By today's standards Fred lived a relatively quiet life. He hated aeroplanes and with the exception of taking the boat to a Ryder Cup match in the United States, he rarely travelled abroad. They play for a Fred Daly trophy every St Patrick's Day at a club near Johannesburg and he lost count of the times he was invited to South Africa. He was once offered many, many dollars to turn up as a special guest for a tournament in Arizona, but it just wasn't for him.
Fred never mentioned his fear of flying. He'd say: "I just can't be bothered."
But he loved Royal Liverpool, even though that club took 40 years before formally acknowledging that Friday afternoon victory with a final score of 293, a single stroke ahead of the runners-up Reg Horne and the US amateur Frank Stranahan.
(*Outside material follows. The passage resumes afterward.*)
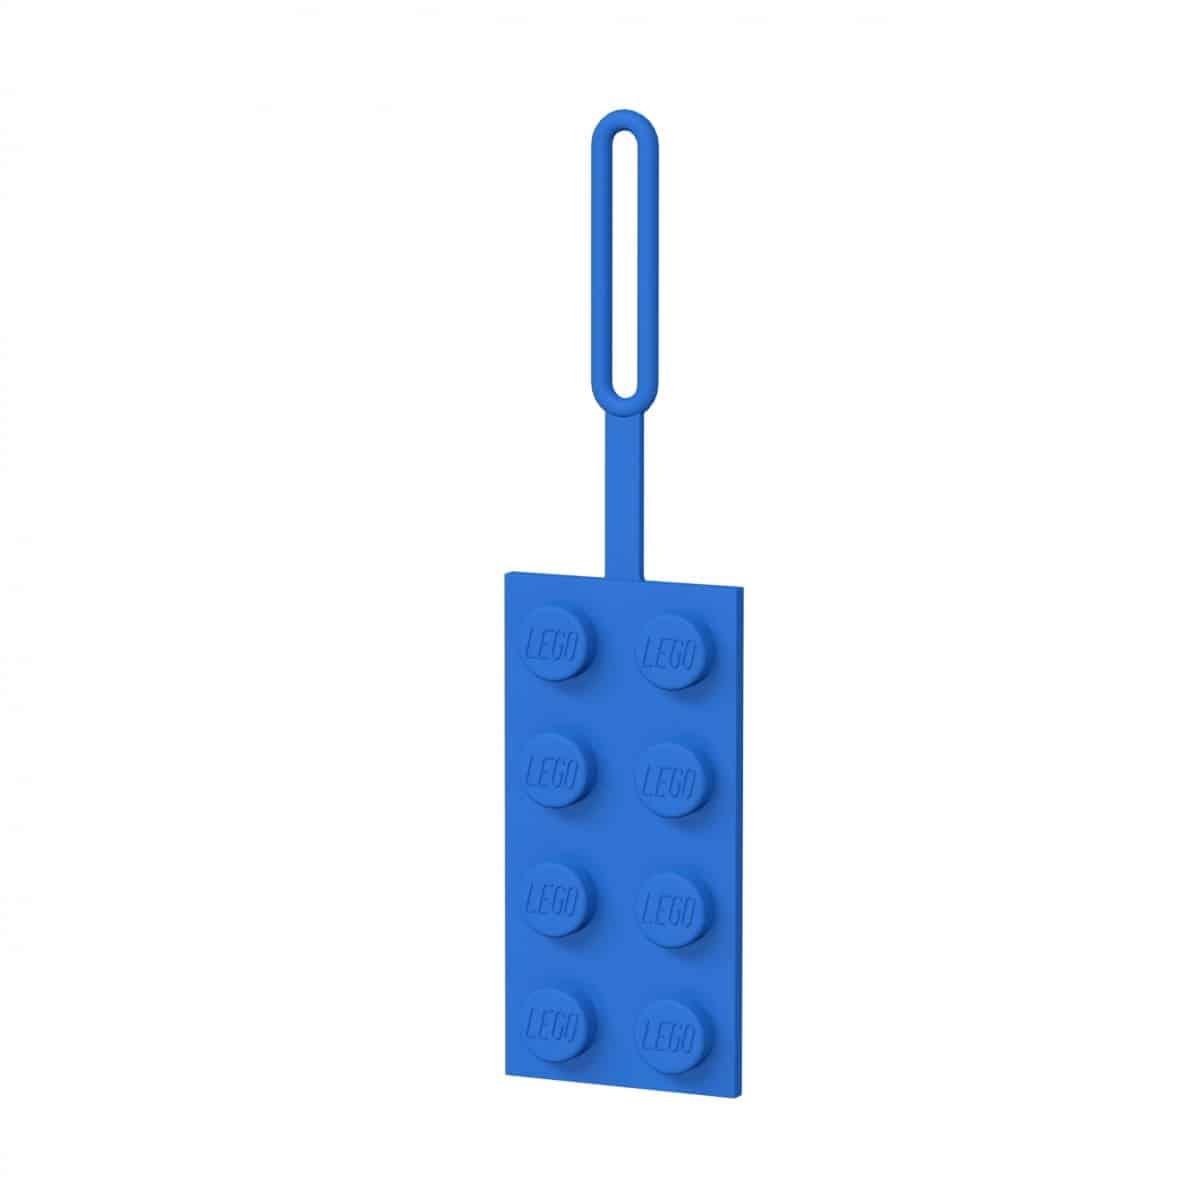 lego 5005543 2x4 blue luggage tag scaled

I was with him in 1987 when the then captain, resplendent in a scarlet jacket, and members of the club council got to their feet to announce that he was being awarded honorary life membership. They organised a special dinner. Fred sat there, dumbfounded, as his eyes welled up.
It was a magical moment.
Just as was last night's presentation on the 18th green to a young man with the world at his feet and so much to play for.
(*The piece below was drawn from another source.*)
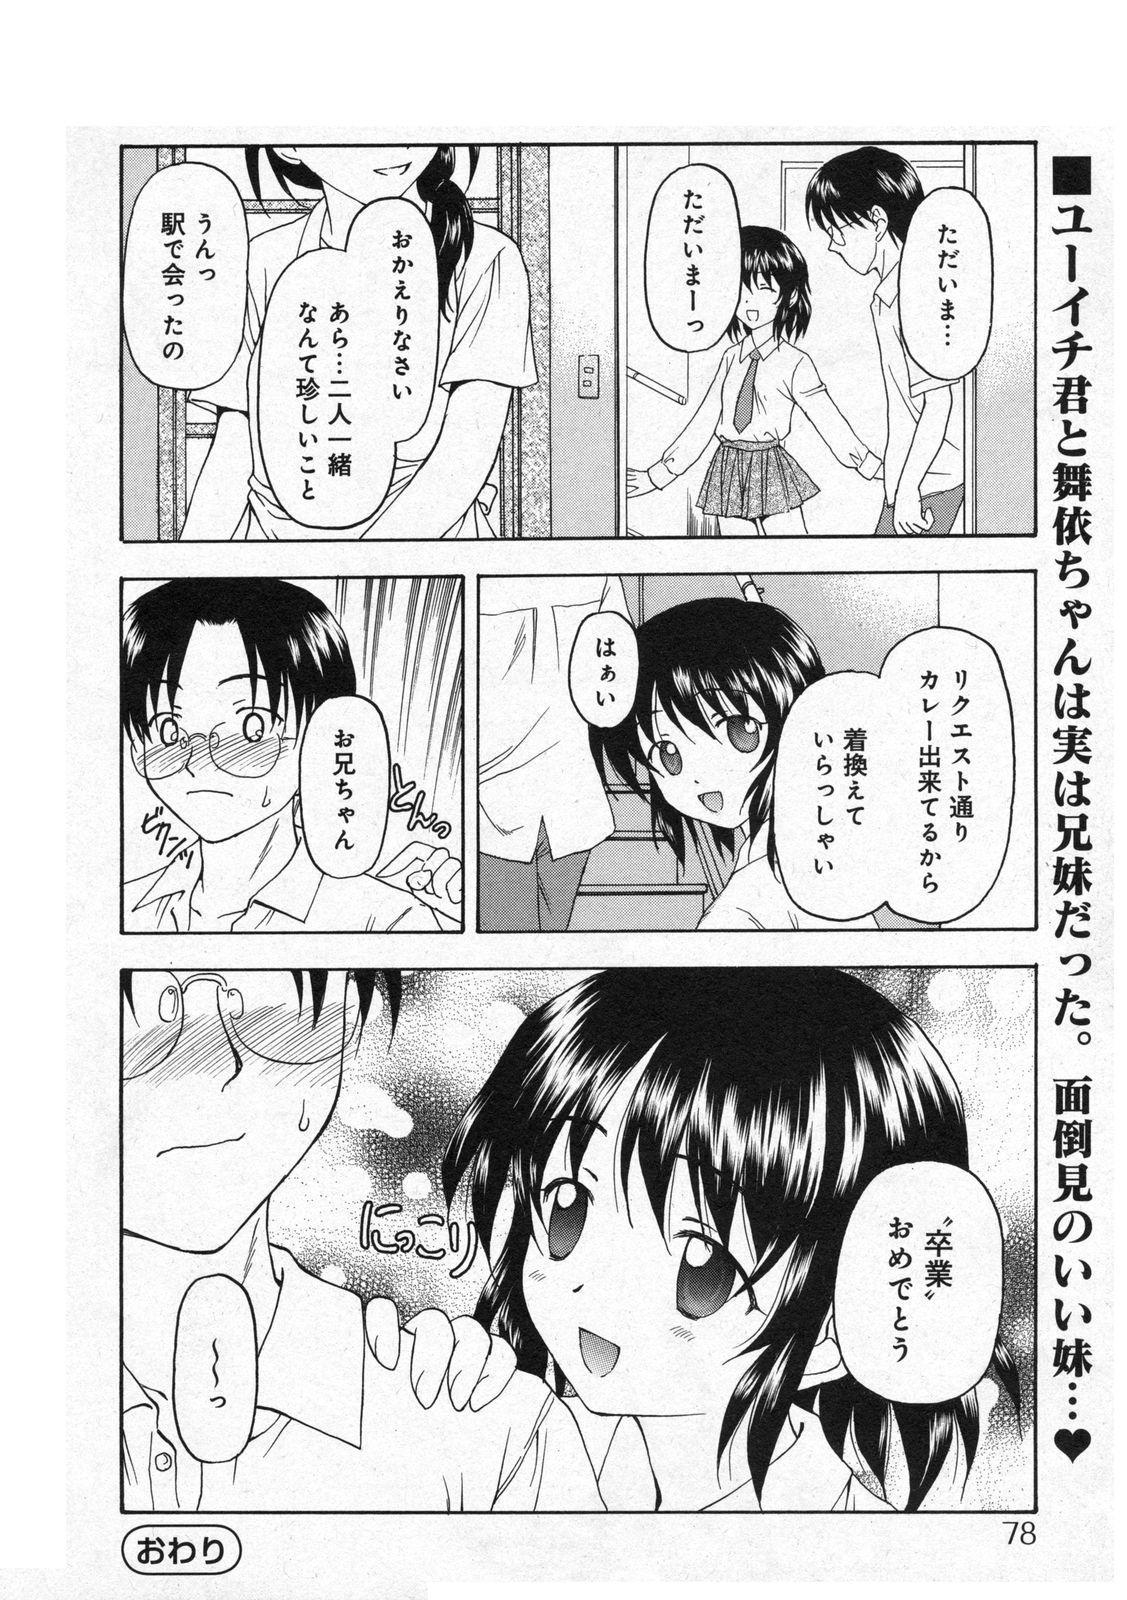 COMIC Moemax Jr. Vol.01 2009-08 75

Rory McIlroy was already a two-times Major champion, but taking possession of the Claret Jug lifts him to a completely new level. When Darren Clarke won the trophy in 2011 it was almost as if he had been granted a golfing reprieve. Clarke was such a naturally gifted, brilliant player, but on the far side of 40 and with his career seeming to be inexorable decline, he came out of nowhere to win.
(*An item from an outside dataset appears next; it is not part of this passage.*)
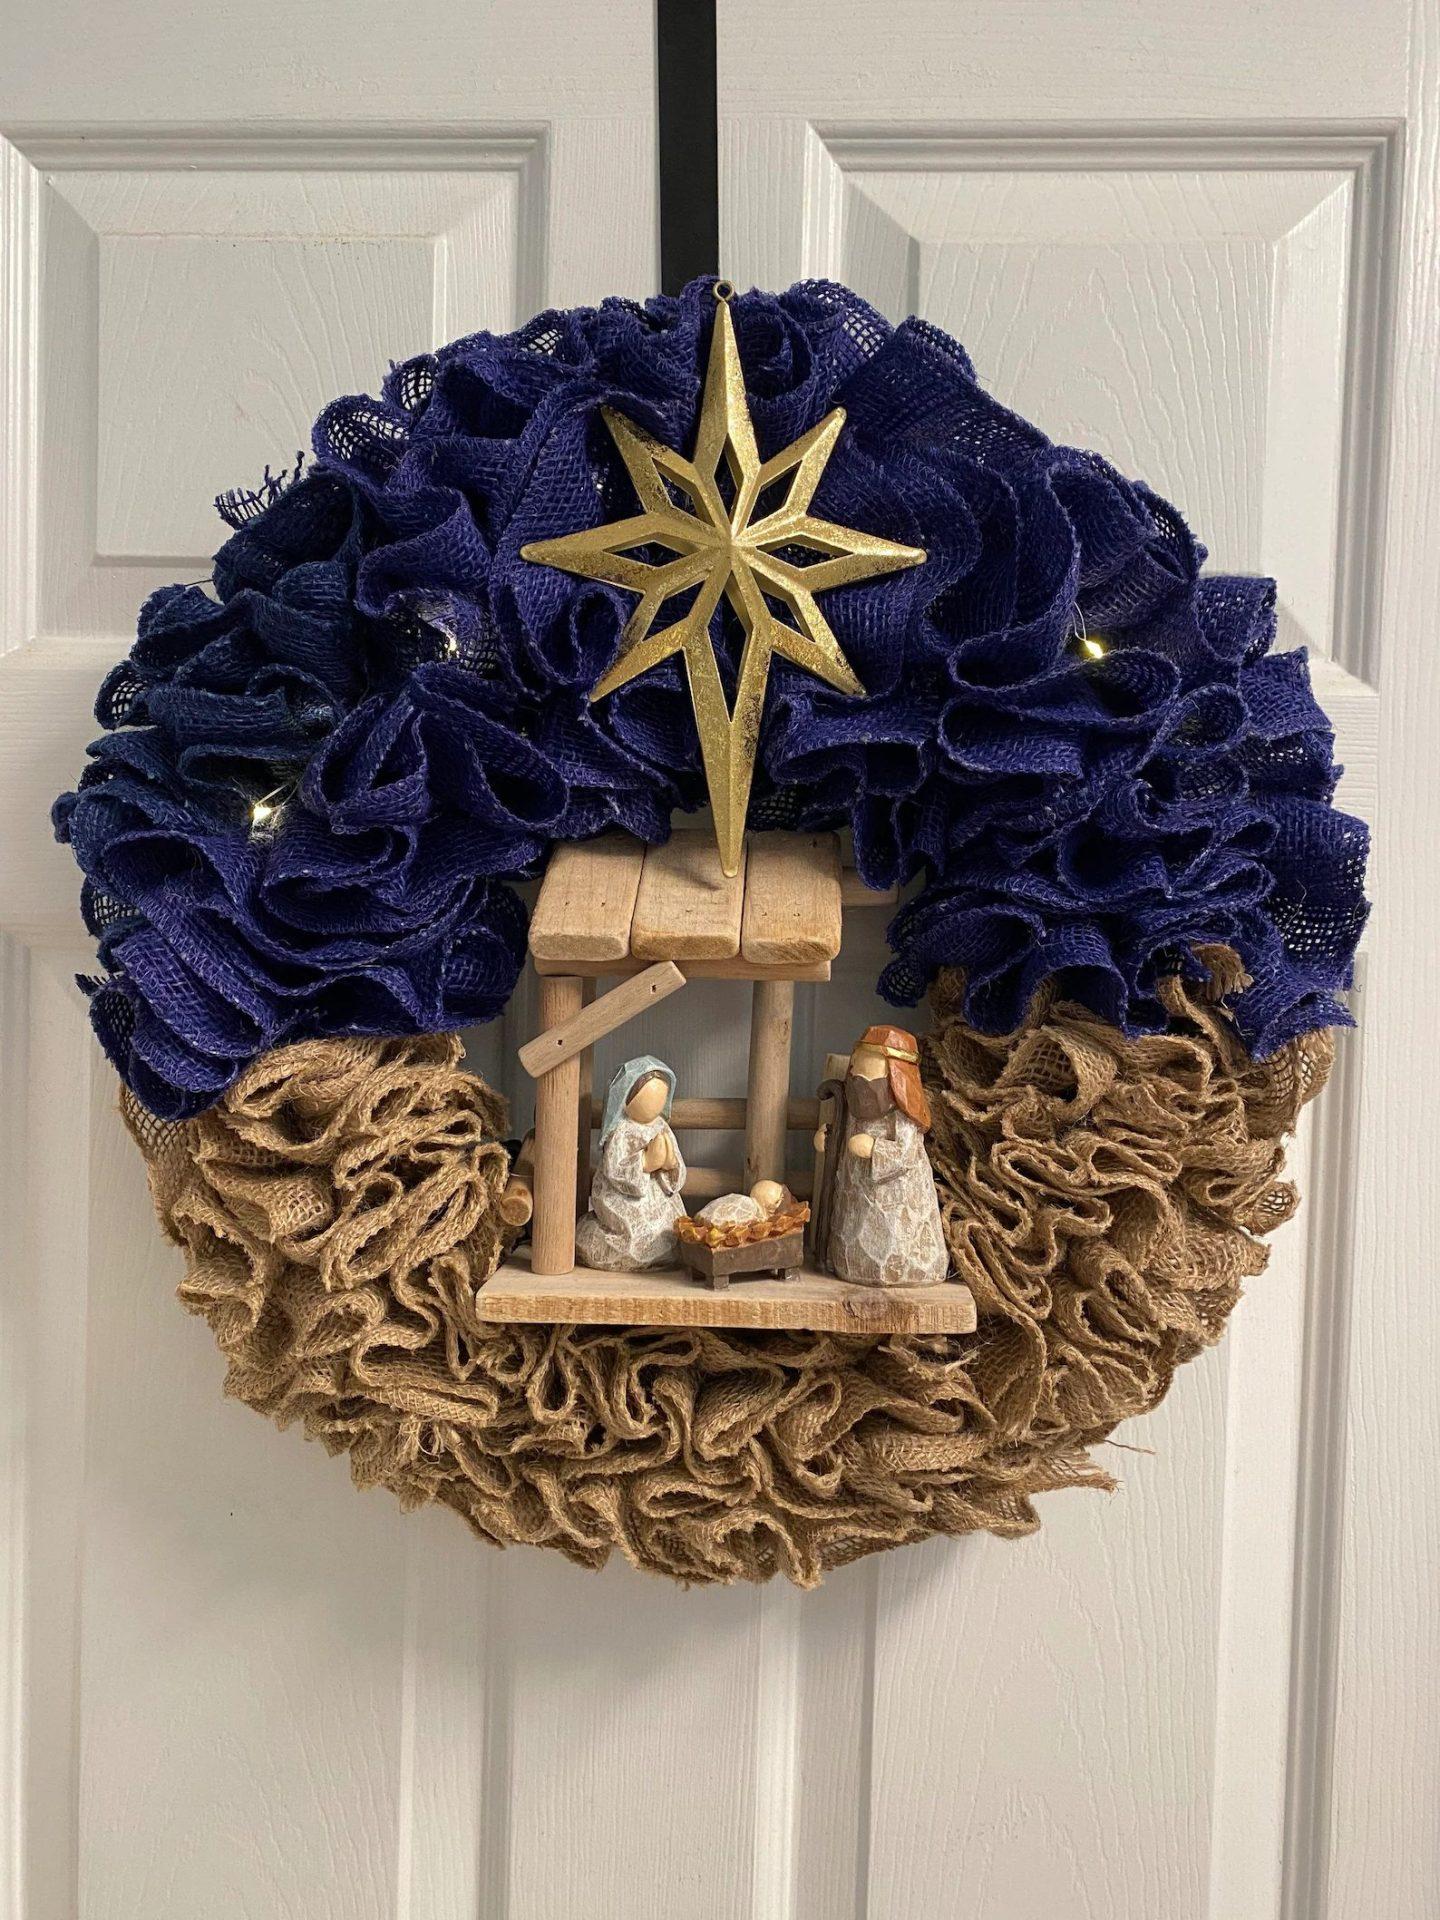 Burlap nativity wreath for Christmas

I had him backed at 175/1, and also kept faith in Rory's belief that he could go about his business in the same way Fred Daly did at Royal Liverpool all those years ago.
After all the trials and tribulations of a broken romance, this victory ended the lingering doubts about his ability to deliver on the big stage, especially when the pressure is really on. He collapsed spectacularly at The Masters two years ago, but after becoming one of a very few players to lead from start to finish in an Open Championship, he will return to Augusta National next April more confident than at any time he can become the first Irishman to win the green jacket.
McIlroy, Clarke, Graeme McDowell and Padraig Harrington are all Major champions, but there is something uniquely special about the Masters.
Rory will win there as well. Of that, there should be no doubt. He has an upcoming legal confrontation with his former management company which is due to be heard in a Dublin courtroom next January, but with a multi-million pound sponsorship deal with Nike, money is no longer an issue in his life. Golf is all that matters.
There were rare flashes of emotion at Hoylake, like when he splashed out of a green side bunker and almost holed out on the final hole. His parents Gerry and Rose, who once invested every last penny in his future, were there for him last night; his mum crying as they embraced in front of packed grandstands. They also deserved the moment, and there will be more to come.
He is brilliant off the tee and wonderful to watch around the greens. He has got himself into trouble with some indiscretions – walking off the course at the Honda Classic last February was one – but he also has a way with words which actually mean something. Few golfers are noted for their profound dialogue, but when he was asked if the R&A got it right when they decided to bring forward Saturday's schedule in a bid to avoid terrible weather conditions which had been forecast, McIlroy replied: "Yes, absolutely. It was the second best decision they've ever made. The first was bringing the Open to Royal Portrush."
And that's where it is likely to be played in 2019 – in many ways the spiritual home of golf in Northern Ireland, not much more than a good three-iron from the house where Fred Daly was born in October 1911.
Thanks for all those memories Fred. And well done Rory.